Zugute kommt dieser Ideologie der Effekt, dass wenn es bereits geschafft wurde, dass viele Menschen an etwas glauben, auch der größte Teil der restlichen Menschen anfängt daran zu glauben, aufgrund der Annahme, dass wenn viele Menschen etwas sagen, es nicht falsch sein könne.
So ist zu erklären, warum es trotz unvorstellbar großer sozialer Ungleichheit, nur zu geringen Protesten kommt und es nur wenige Versuche gibt die soziale Ungleichheit zu stürzen. Die ausgegrenzten und in Armut lebenden Menschen glauben zu einem großen Teil daran, dass die gesellschaftliche Position und die Höhe des Lohns, die Menschen erreichen, durch Talent und Fleiß bestimmt wird und eine niedere Position ausschließlich auf einen Mangel an Talent und Fleiß zurückzuführen sei. Ähnlich wie im Mittelalter große Teile der Bevölkerung davon ausgingen, dass ihre gesellschaftliche Position ihnen durch eine göttliche Ordnung zugewiesen wurde – die Funktion des Fernsehens und der Schule übernahm in diesem historischen Zeitabschnitt die Kirche ­ und es deshalb auch über lange Zeiträume und trotz großer Armut nur wenig Protest und größere Veränderungsversuche gab, so sind auch heute Arme auf der ganzen Welt davon überzeugt, dass sie in der gerechten sozialen Position sind, die ihnen von der Leistungsgesellschaft zugewiesenen wurde, die jedem Menschen seiner Leistung entsprechend einen gerechten Platz in der Gesellschaft zuweist. Die Funktion des Glaubens an eine göttliche Ordnung wird heute ersetzt durch den Glauben an den Mythos der Leistungsgesellschaft (vgl.

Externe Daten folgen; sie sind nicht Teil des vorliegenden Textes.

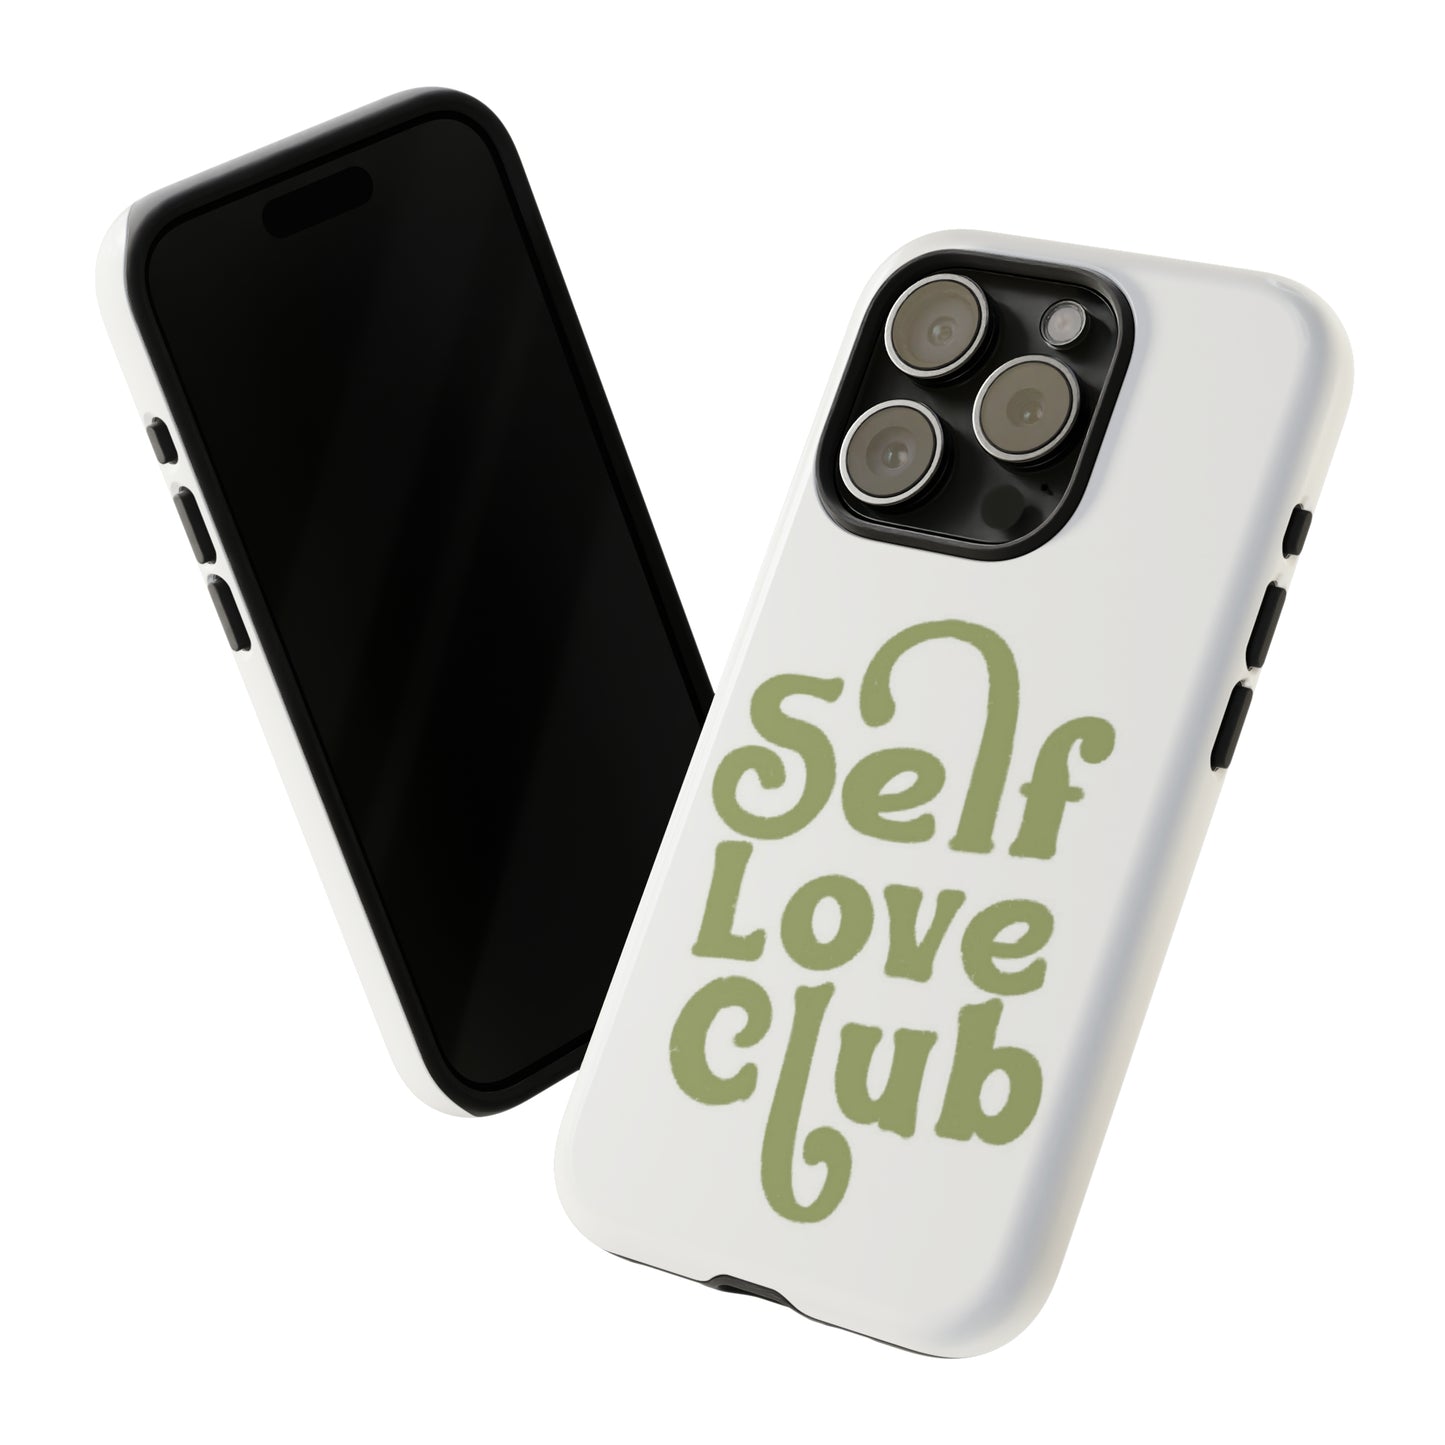 Self Love Phone Case
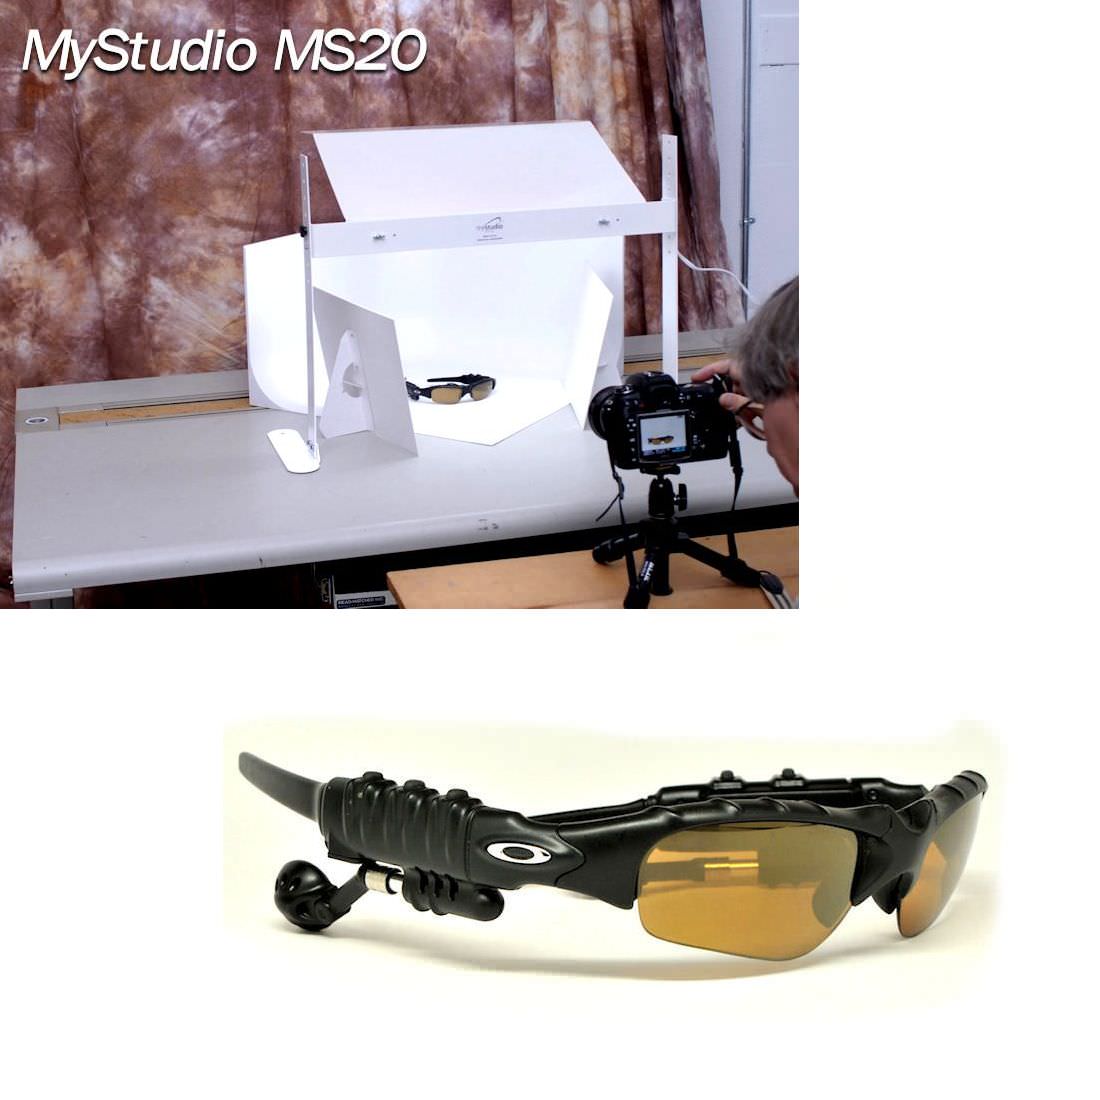 MyStudio MS20 table top photo studio 2

Hartmann, 2002: Der Mythos von den Leistungseliten, Frankfurt am Main: Campus).
Die Aufgabe der herrschaftskritischen und demokratischen SoziologInnen ist es, diese Ideologien, Manipulationen und Propaganda für alle Menschen sichtbar zu machen, sie in all ihren Formen und Wirkungsweisen aufzudecken, zu analysieren, verständlich zu erklären und die herrschaftskritische Theorie gemeinsam mit den Betroffenen weiterzuentwickeln und die benachteiligten Menschen an ihre eigenen Fähigkeiten und Entwicklungspotenziale zu erinnern und ihnen durch Anerkennung und Respekt dabei zu helfen selbst aktiv zu werden und wieder ihr Selbstwertgefühl aufzubauen und selbst ihr Recht auf ein Leben ohne Armut und Unterdrückung einfordern und sich dementsprechend verhalten.